The tumors treated with the photoimmunotherapy of the present embodiment include breast cancer (eg, lobular cancer and adenocarcinoma), sarcoma, lung cancer (eg, non-small cell cancer, large cell cancer, squamous cell carcinoma, and adenocarcinoma). , Pulmonary dermatoma, colonic rectal adenocarcinoma, gastric cancer, prostate cancer, ovarian cancer (such as serous cystadenocarcinoma and mucinous cystadenocarcinoma), ovarian germ cell tumor, testicular cancer, and testicular germ cell tumor, pancreatic adenocarcinoma , Biliary adenocarcinoma, hepatocellular carcinoma, bladder cancer (including, for example, transitional adenocarcinoma, adenocarcinoma, and squamous adenocarcinoma), renal cell adenocarcinoma, endometrial cancer (eg, adenocarcinoma and mixed Muller tumor) Including carcinosarcoma), intrauterine cervical cancer, extrauterine cervical cancer, and vaginal cancer (such as each of these adenocarcinomas and squamous adenocarcinomas), skin tumors (eg, squamous adenocarcinomas, basal) Cellular cancer, malignant melanoma, skin appendage tumor, capoes sarcoma, cutaneous lymphoma, skin adenocarcinoma, and various types of sarcoma and Mercel adenocarcinoma), esophageal cancer, nasopharyngeal Cancer and oropharyngeal cancer (including these squamous epithelial and adenocarcinomas), salivary adenocarcinoma, brain tumors and central nervous system tumors (including, for example, tumors originating from glio, nerve cells, and meningeal membrane), Peripheral neuroma, soft tissue sarcoma and solid tumors such as osteosarcoma and chondrosarcoma, as well as lymphomas (including B-cell malignant lymphoma and T-cell malignant lymphoma) may be included. In one example, the tumor is an adenocarcinoma. Neovascularization is involved in these tumors, including lymphomas. Further, when the effect of conventional PIT that does not target new blood vessels is confirmed on a predetermined tumor, the tumor may be included in the tumor treated by the photoimmunotherapy of the present embodiment.

<Therapeutic effective amount>

For treatment, it is necessary to estimate the therapeutically effective amount of conjugate. A therapeutically effective amount is an amount of therapeutic agent sufficient to achieve the desired effect on the patient's body or affected area to be treated, either alone or in combination with (s) yet other therapeutic agents. The therapeutically effective amount may depend on multiple factors such as the patient or affected area being treated, the type of conjugate, and the method of administration.

A therapeutically effective amount is sufficient to delay the progression of the disease or cause disease regression. If the disease is cancer, the amount may be sufficient to prevent metastasis of the cancer. It is also an amount that can reduce the symptoms caused by the disease. Alternatively, if the disease is cancer, it is sufficient to prolong the survival of a patient with a tumor.
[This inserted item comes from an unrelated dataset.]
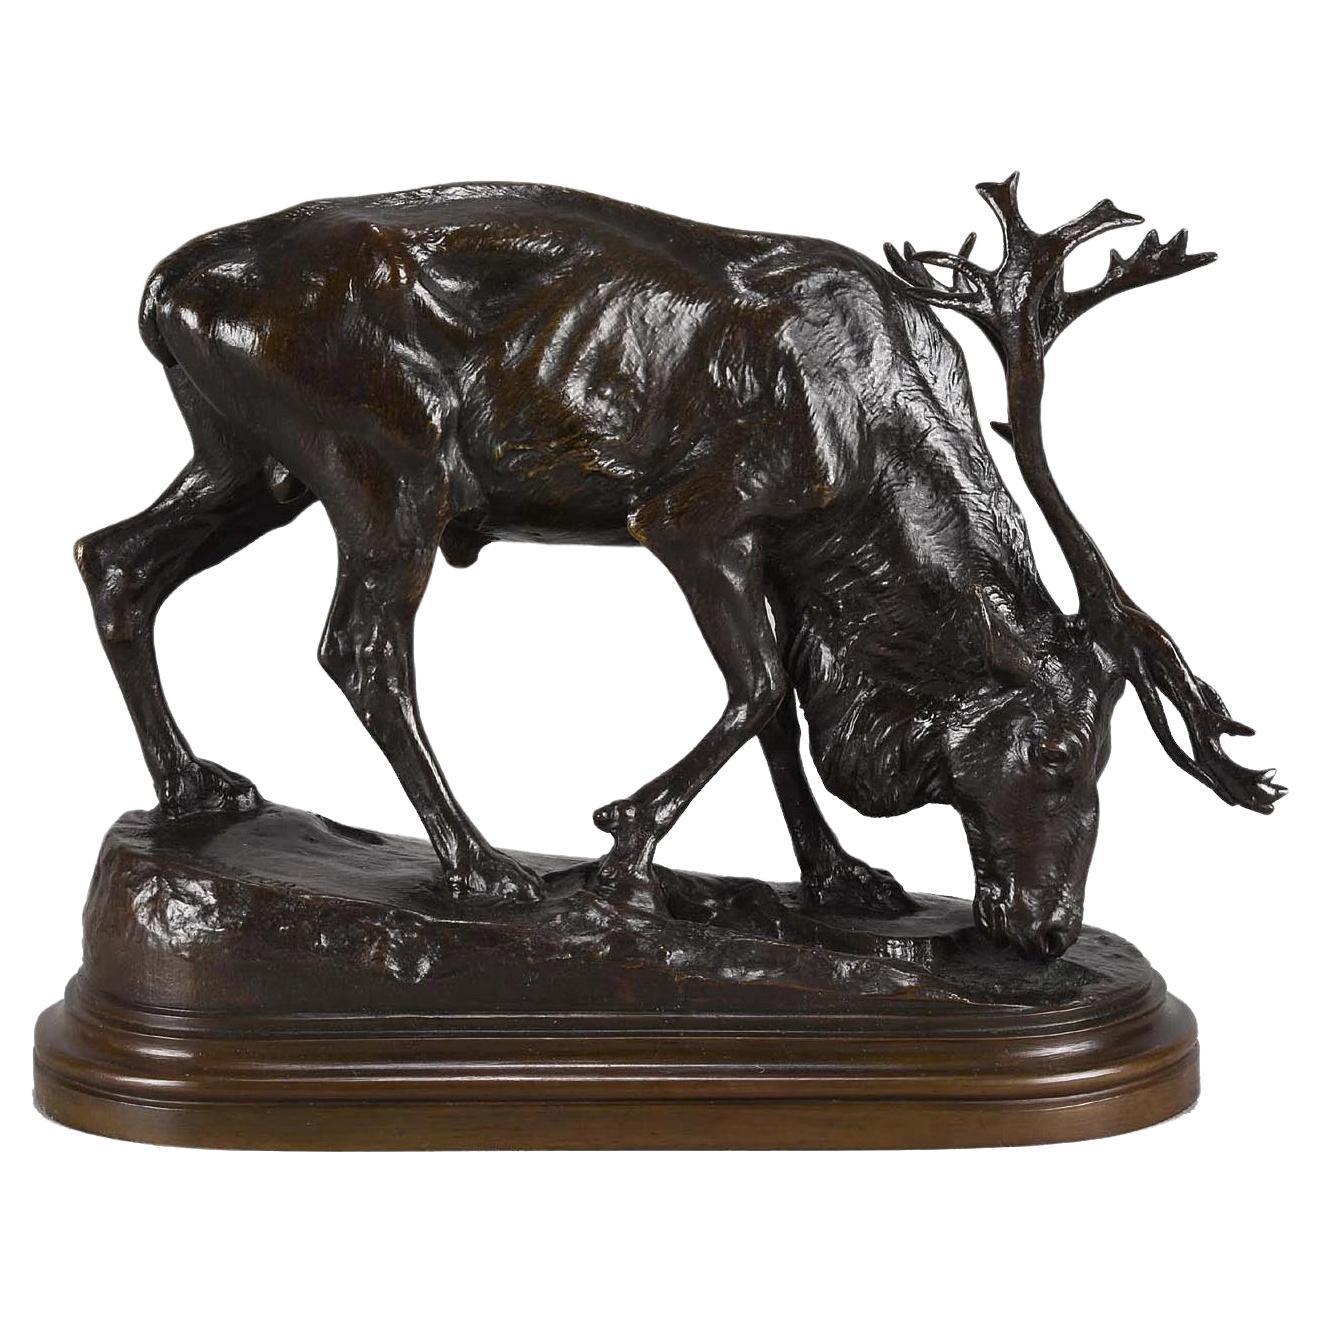 Escultura de bronce animalier del siglo XIX titulada "Reno" de Isidore Bonheur

The regression of the disease may be considered as follows; the size of the tumor after photoimmunotherapy is, for example, at least 20%, at least 50, compared to the size of the tumor after photoimmunotherapy in the absence of conjugates. %, At least 80%, at least 90%, at least 95%, at least 98%, or 100% reduction.
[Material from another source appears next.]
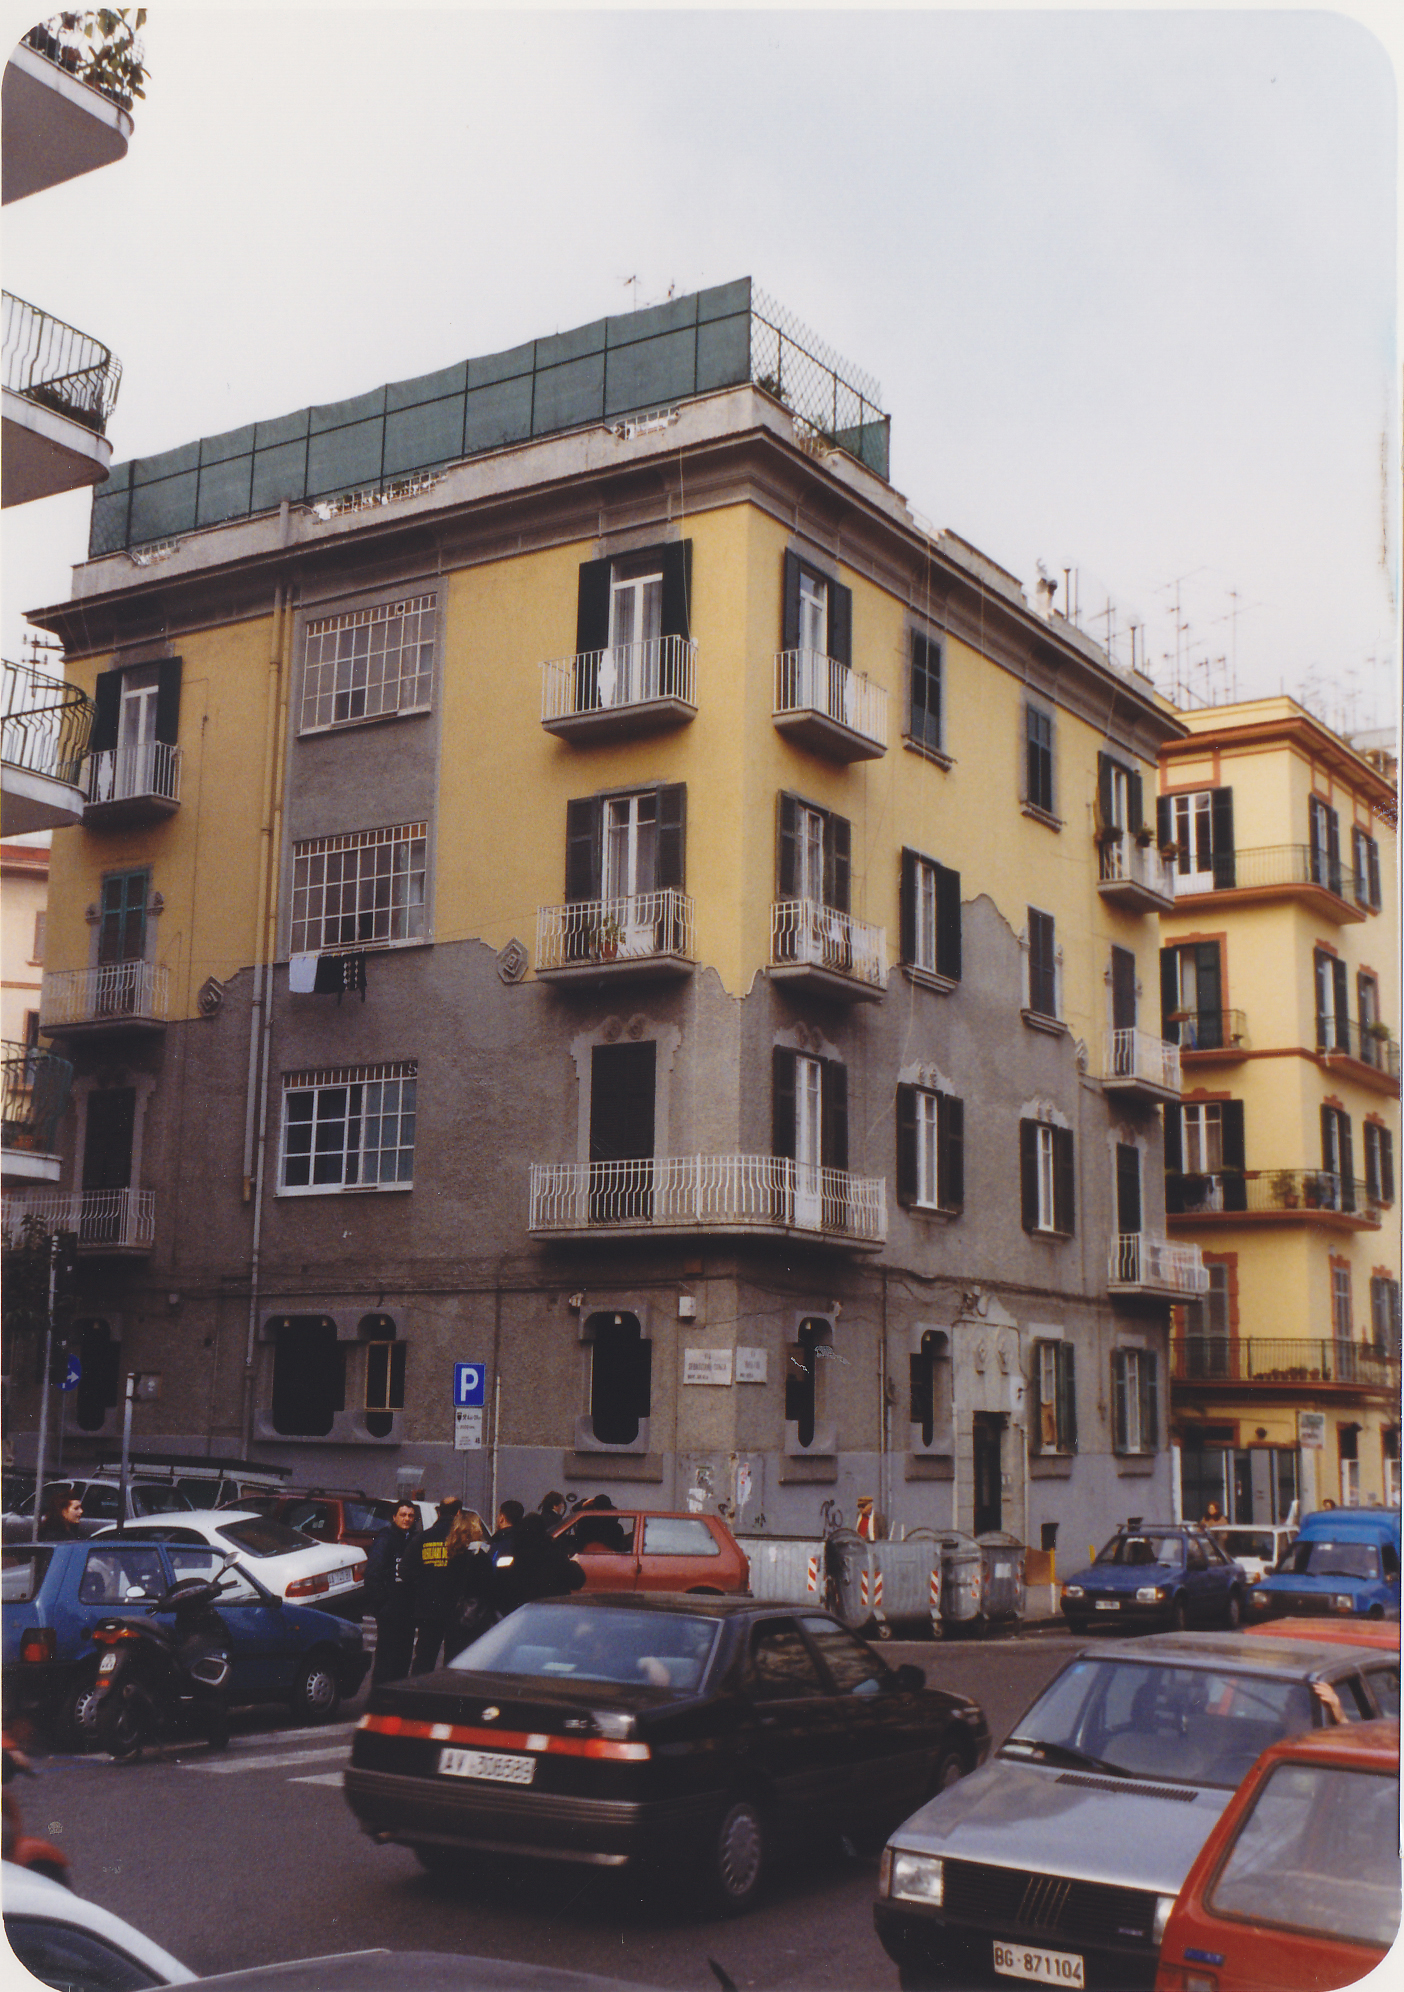 ignota - via Mario Fiore, 49 (palazzina, plurifamilliare) - Napoli (NA)

The regression of the disease may be considered as follows. The number of tumor cells after photoimmunotherapy is at least 20%, at least 50%, at least 60%, at least 70%, at least 80, as compared to the number of tumor cells after photoimmunotherapy in the absence of conjugates. %, At least 90%, at least 95%, at least 98%, or 100% dead.

You may think about the extension of survival as follows. Survival after photoimmunotherapy is at least 20%, at least 50%, at least 60%, at least 70%, at least compared to survival after photoimmunotherapy (100%) in the absence of conjugates. 80%, at least 90%, at least 95%, at least 98%, or at least 100% longer.

Regardless of the general therapeutically effective amount determined in advance, the therapeutically effective amount in an individual patient varies depending on the patient's condition. The effective amount in each treatment may be determined by changing the dose to the patient and observing the degree of tumor retraction. Effective amounts in individual treatments may be determined via immunoassays and other measurement tests.

The therapeutic agent may be administered in a single dose or in multiple doses in order to administer a therapeutically effective amount.

Therapeutically effective amounts of conjugates are, for example, at least 0.5 mg / kg, at least 5 mg / 60 kg, at least 10 mg / 60 kg, at least 20 mg / 60 kg, at least 30 mg / 60 kg, at least 50 mg / 60 kg per 60 kg body weight. For intravenous administration, for example, 0.5 to 50 mg / 60 kg. The amount used may be 1 mg / 60 kg, 2 mg / 60 kg, 5 mg / 60 kg, 20 mg / 60 kg, or 50 mg / 60 kg.

The therapeutically effective amount of conjugate is at least 10 μg / kg, at least 100 μg / kg, at least 500 μg / kg or at least 500 μg / kg, based on body weight. For intraperitoneal administration, for example, it is 10 μg / kg to 1000 μg / kg. The amount used may be, for example, 100 μg / kg, 250 μg / kg, about 500 μg / kg, 750 μg / kg, or 1000 μg / kg.

<Modification example>

The present invention is not limited to the above embodiment, and can be appropriately modified without departing from the spirit. In the above embodiment, the affected part of a human patient has been described as an example. The patient may be replaced with a mammal. The affected area may be replaced with an in vitro or in vivo artificial culture tissue.

Further, in the above embodiment, the tumor has been mainly described as the affected part. Another example of an affected area with neovascularization is the age-related macular degeneration with choroidal neovascularization. Similar to the tumor described above, the degenerated site formed in the macula may be damaged by the photoimmunotherapy described above. In the treatment of age-related macular degeneration, conjugates are bound to the vascular endothelial cells of new blood vessels in the degenerated site. Next, the denatured site is irradiated with excitation light.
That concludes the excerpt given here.